» **INPUT FOR THIS TASK**
+===+

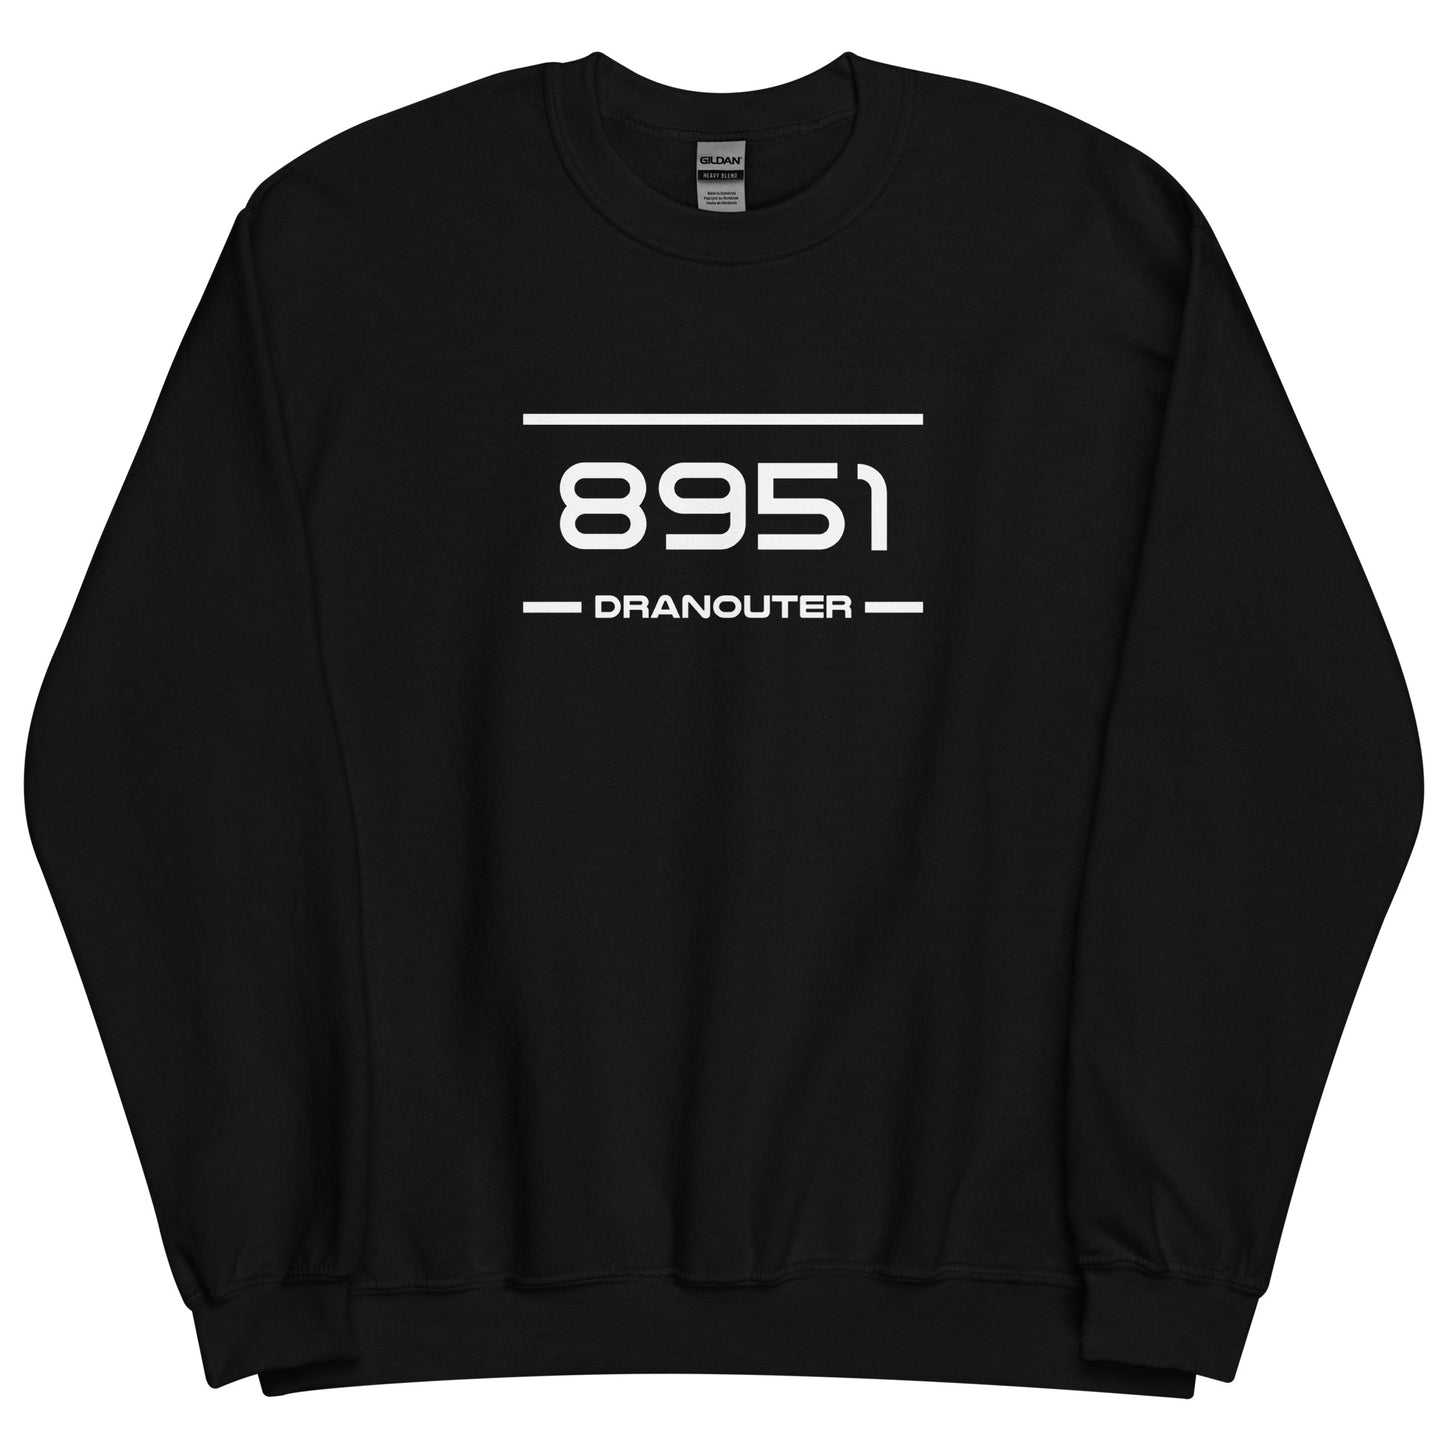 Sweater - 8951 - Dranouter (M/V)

+===+

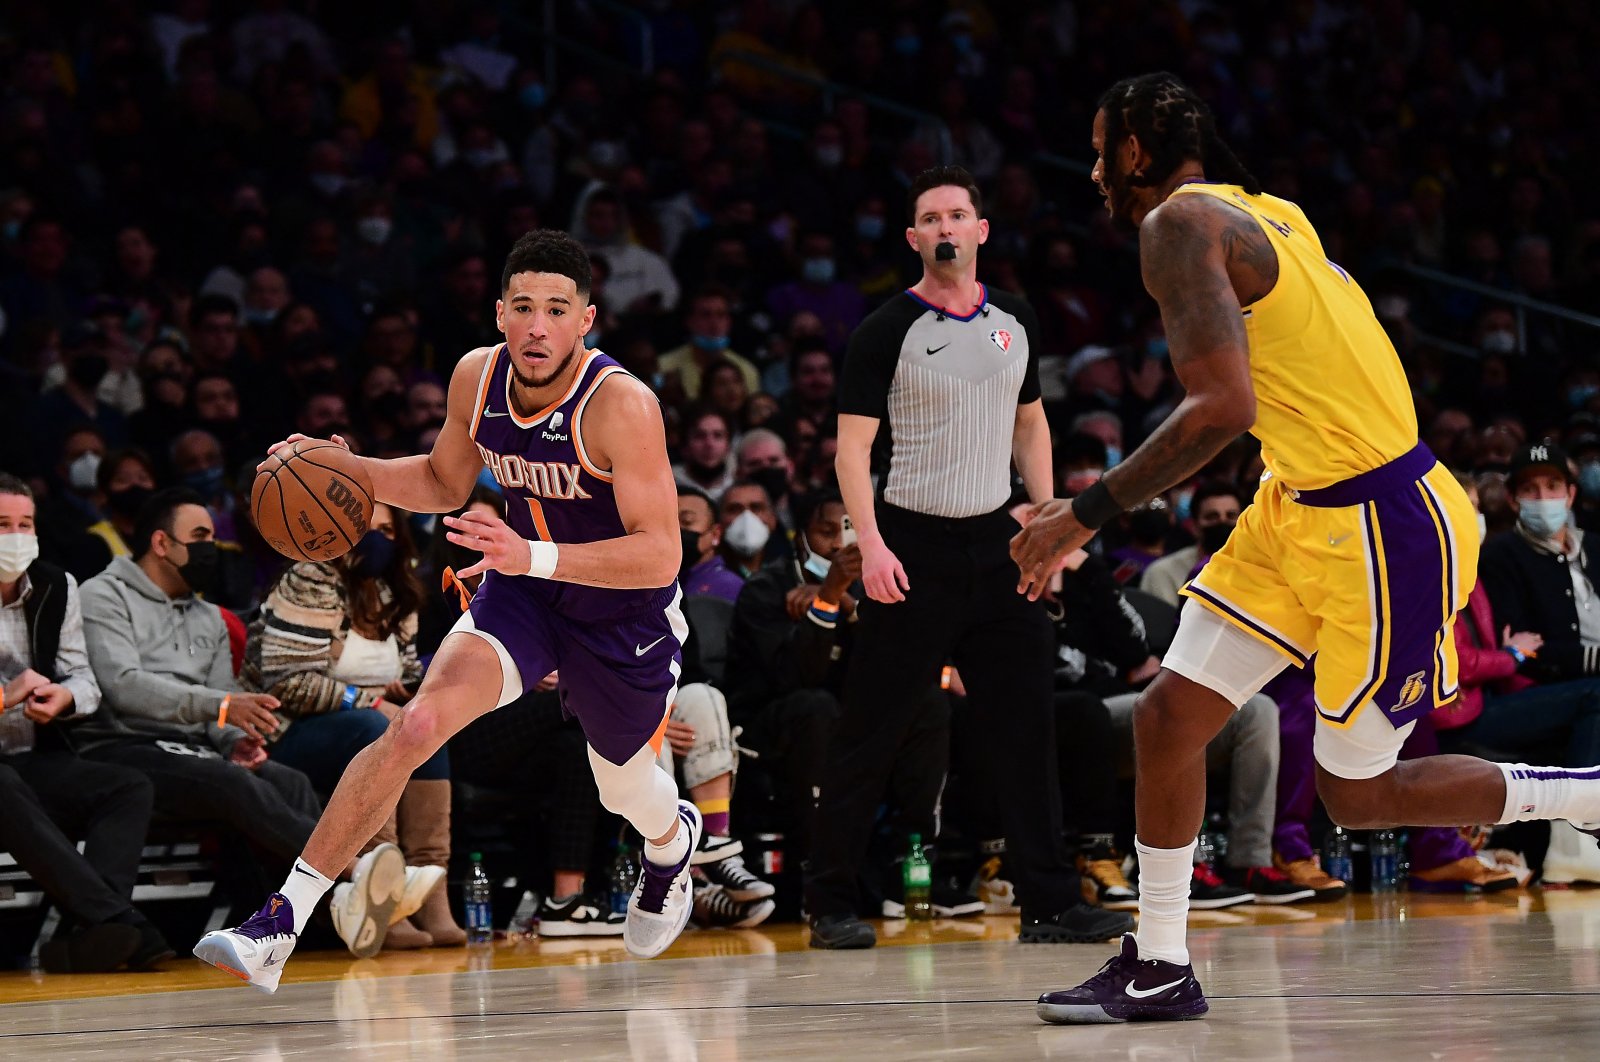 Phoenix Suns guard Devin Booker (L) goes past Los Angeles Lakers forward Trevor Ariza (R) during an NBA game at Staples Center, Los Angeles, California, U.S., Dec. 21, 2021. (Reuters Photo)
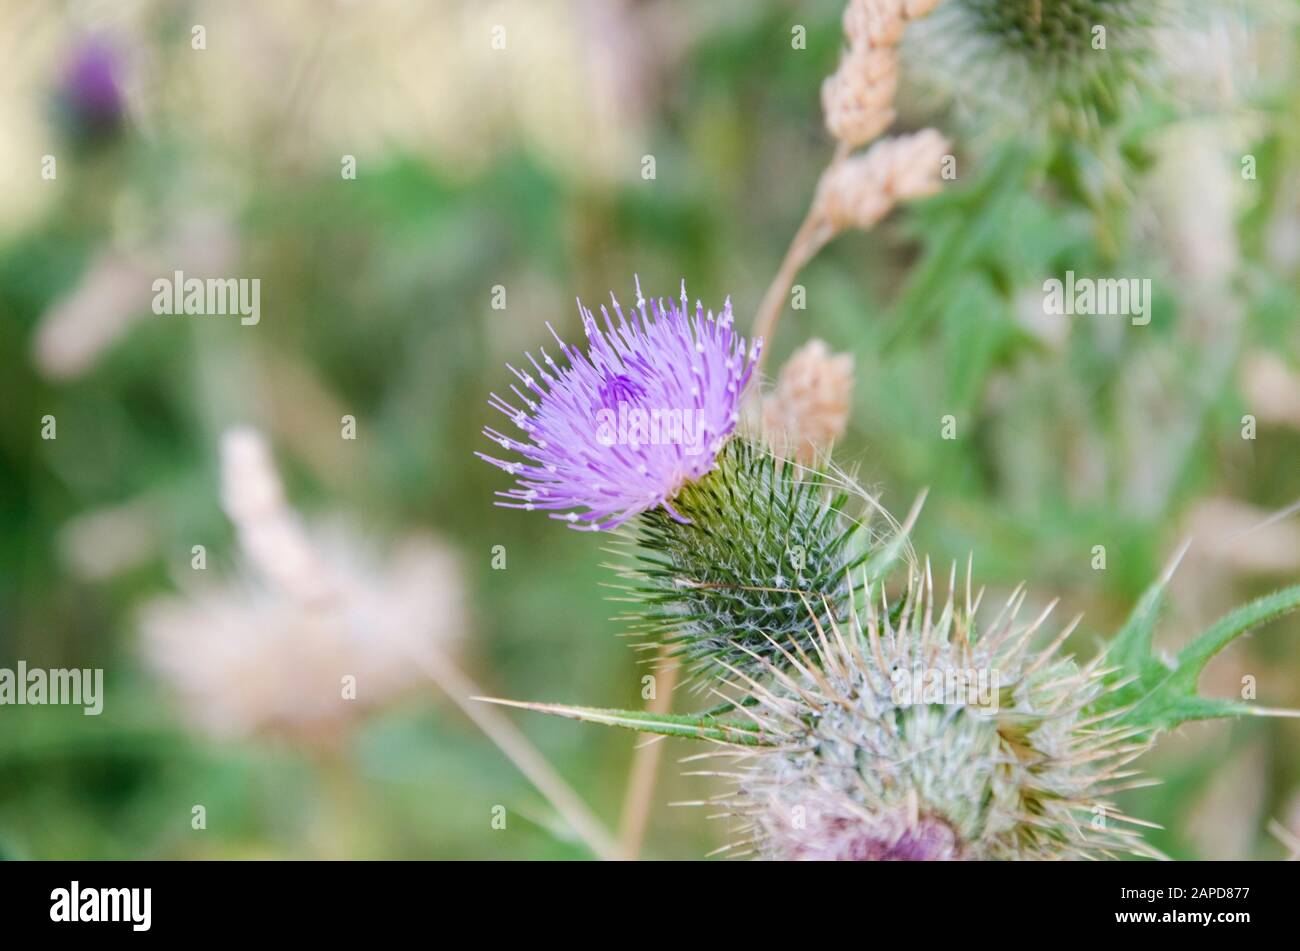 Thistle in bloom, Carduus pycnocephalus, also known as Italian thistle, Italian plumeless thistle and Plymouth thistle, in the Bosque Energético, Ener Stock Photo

+===+

» **TASK REQUIREMENTS**
The reply should hold the entries above from the line with "Phoenix Suns guard" to the line with "Thistle in bloom, Carduus", duplicated exactly, pictures excluded.

» **ANSWER TO THE PROBLEM**
 Phoenix Suns guard Devin Booker (L) goes past Los Angeles Lakers forward Trevor Ariza (R) during an NBA game at Staples Center, Los Angeles, California, U.S., Dec. 21, 2021. (Reuters Photo)
 Thistle in bloom, Carduus pycnocephalus, also known as Italian thistle, Italian plumeless thistle and Plymouth thistle, in the Bosque Energético, Ener Stock Photo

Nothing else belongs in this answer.